Bonum Certa Men Certa

The Nightmare Before Christmas: Unitary Patent Reportedly Approved

Battle against European interests takes a "unitary" costume

The Battle of Trafalgar
The Battle of Trafalgar



Summary: Early reports suggest that the back door for software patents in Europe gets past another hurdle

ONE particular Web site says that "[the European p]arliament approves EU unitary patent rules," but we are not sure just how irreversible that is. To quote the news site in question:



In three separate voting sessions, MEPs approved the so-called "EU patent package" (unitary patent, language regime and unified patent court).


Here is a less definite claim. As as reminder, this impacts software patents in Europe, so it is a very important matter which deserves more media attention. Those in charge are snubbing opposition, which only discredits any decision that is made.

We tried to find some clarifications in Twitter, but so far we have found none. A lot of MEPs are completely misguided and easily deceived/bamboozled by the propaganda.

MEP Chris Davies wrote that "MEPs just voted to introduce a common EU patent law, with translations into just 3 languages. Cuts costs hugely. Big boost for innovators.'

The FSFE's Karsten Gerloff writes: "MEP Lichtenberger: Current proposal won't create a European patent"

And also: "Lichtenberger: EPO often goes up to and beyond limits of patentable subject matter on life, software, other matters "

Glyn Moody commented on one of Gerloff's tweets: "MT @kgerloff MEP Karim: We need more patents on everything to compete w/ China, US #swpat >>show us the evidence, then"

One can see how deluded those people are.

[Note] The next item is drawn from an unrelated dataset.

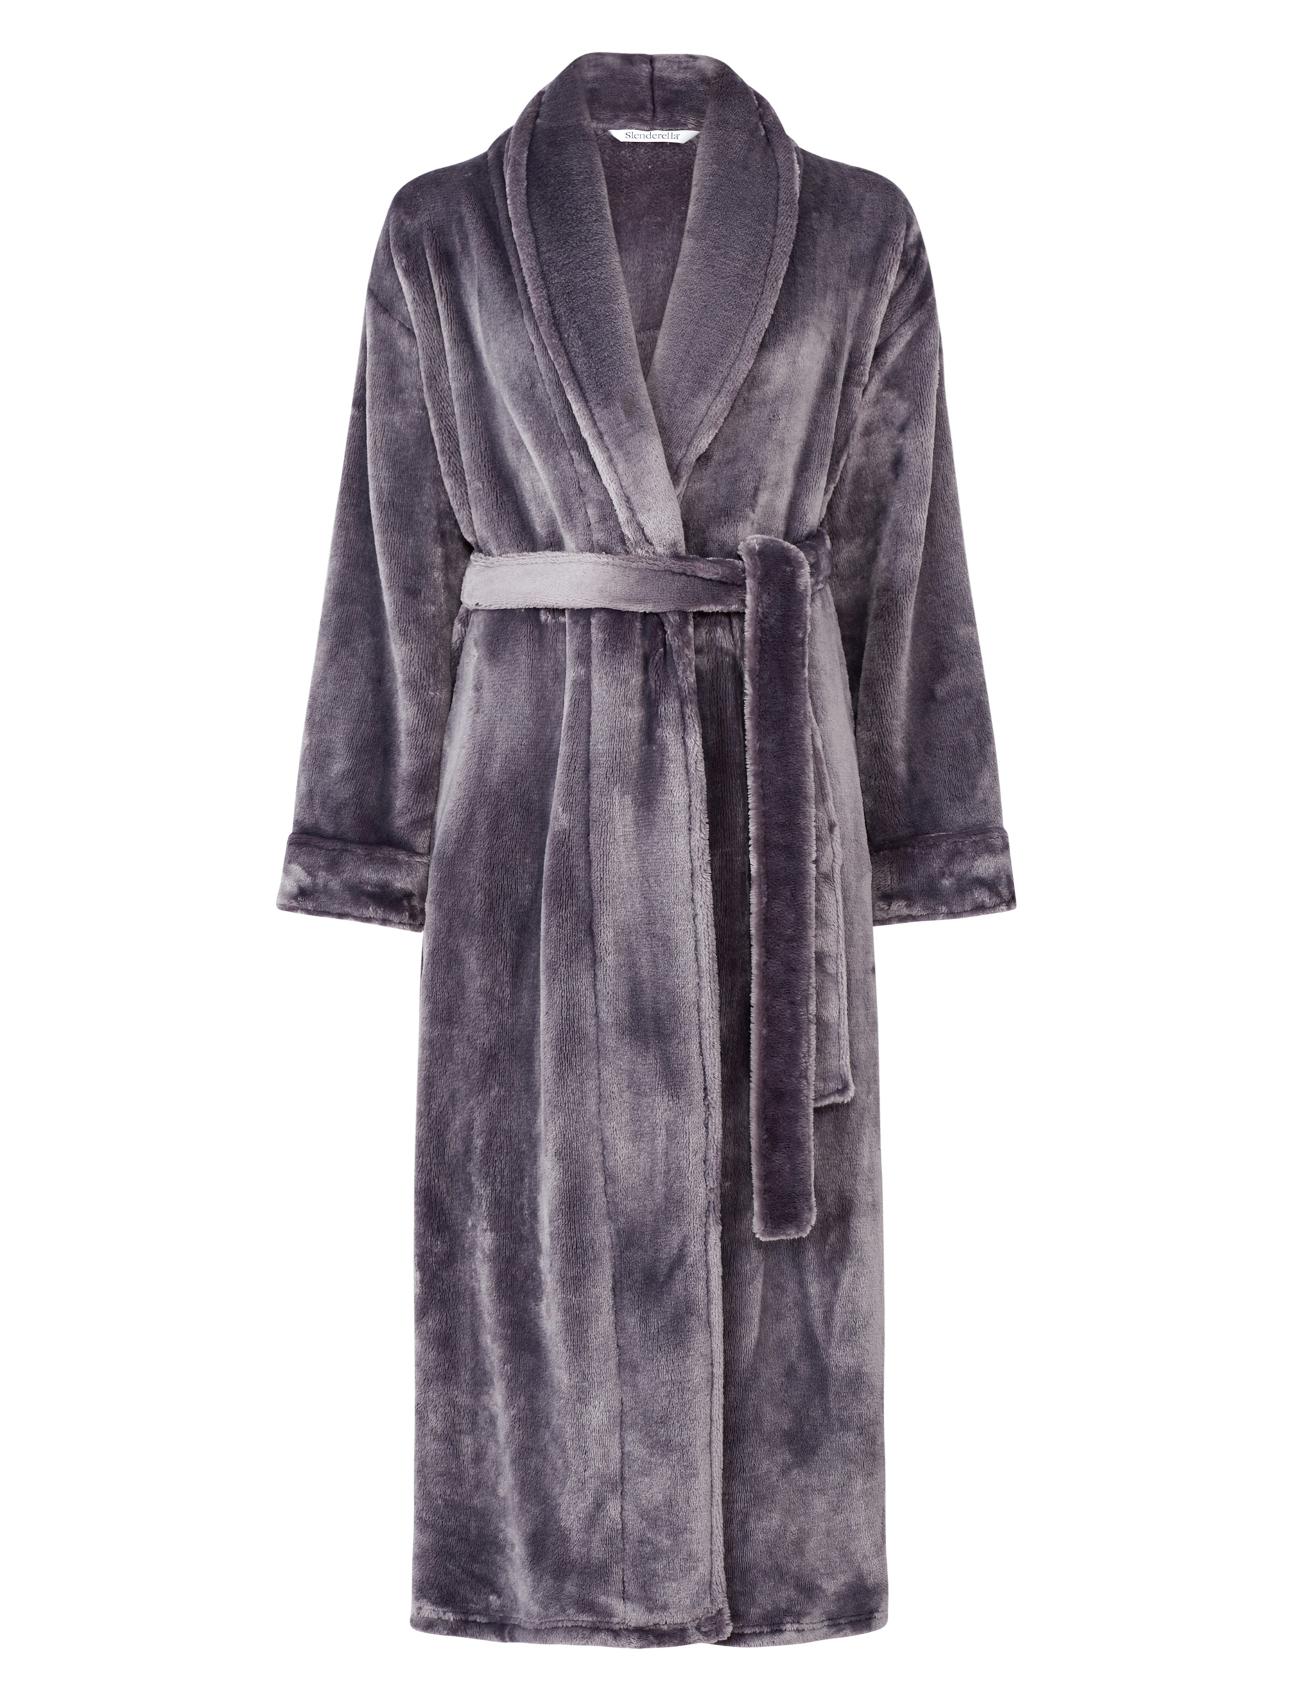 Slenderella Ladies Super Soft Thick Fleece Dressing Gown Shawl ...

Monopolies have an adverse effect.

Maël Brunet writes: "Gallo credits nonsense on supposed correlation between innovation and number of patents filed"

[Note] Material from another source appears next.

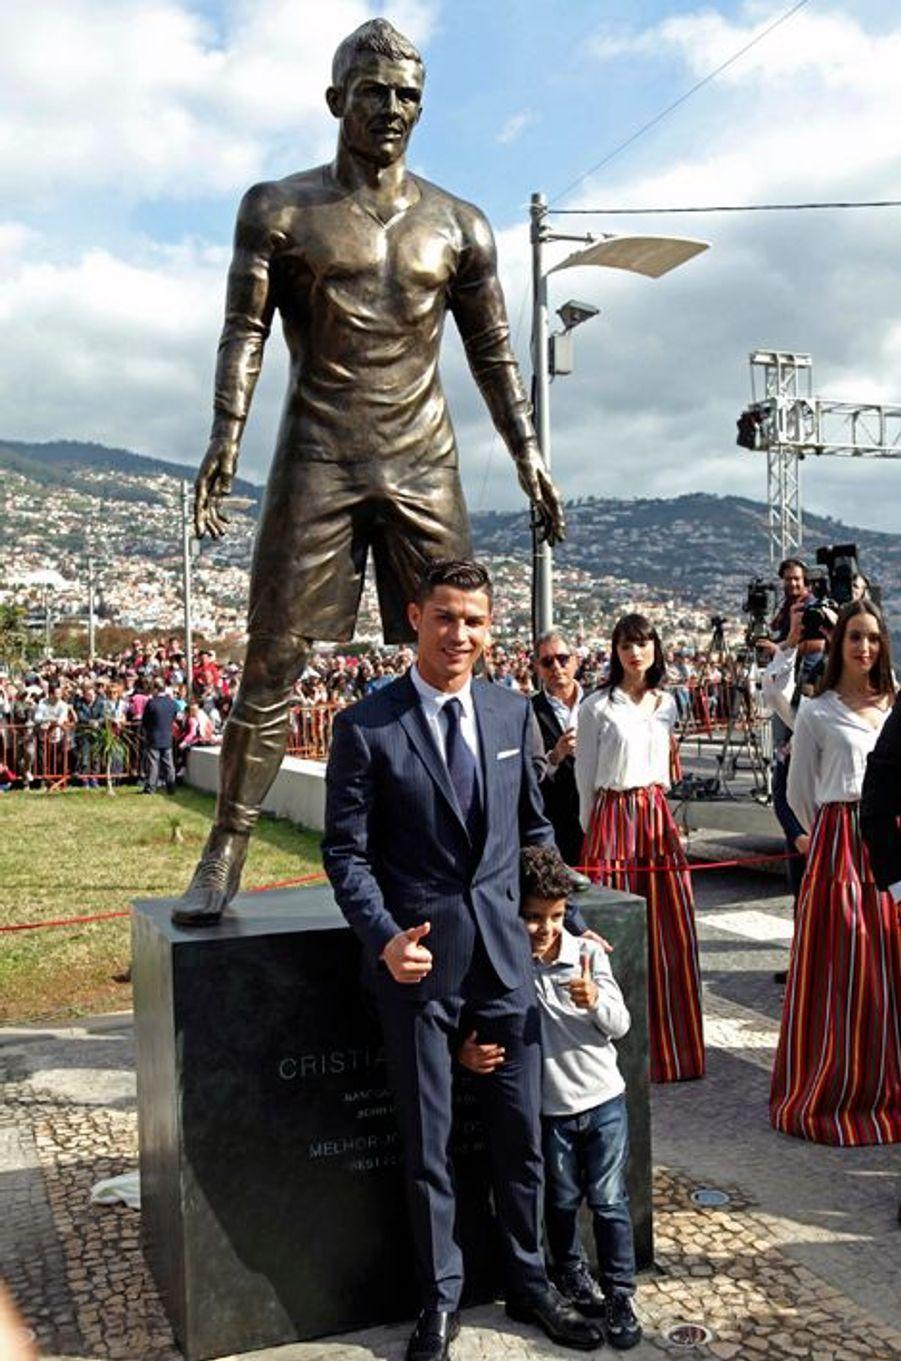 Cristiano Ronaldo avec son fils Cristiano Jr devant sa statue à Funchal, le 21 décembre 2014

The FFII's mailing lists have had a bunch of posts today. One message from Elver says that today's press release on the unitary-patent.eu website (by April) claims: "A possible recourse by a Member State before the ECJ could finally sack the entire text for its illegality: the opinion of the Advocate general alludes to the result of such action is far from being certain."

The question is: "What is meant by this? Does it mean that if a member state asks the ECJ's opinion, the ECJ could sack the whole thing? Or what's going on here?"

"The fundamental problem is that this process is not open to any citizen," says another poster.

Another FFII subscriber says: "Can you point me to the relevant part of the TFEU and how such a request would be made? Does it involve the parliament? And what would be some problem areas that should be looked at? We have some friends at the Ministry of Justice as well as the parliament, so if this is something the parliament can request as part of the ratification process (assuming there is a ratification process), then I think there's a good chance we can get it done here in Estonia."

Benjamin Henrion, the FFII's president, says that "[a]ny Member State can do it. So a vote in a National Parliament would be a start." MEPs tend to override local sovereignty, so no wonder hostile policies can be passed, clearly against the interests of citizens.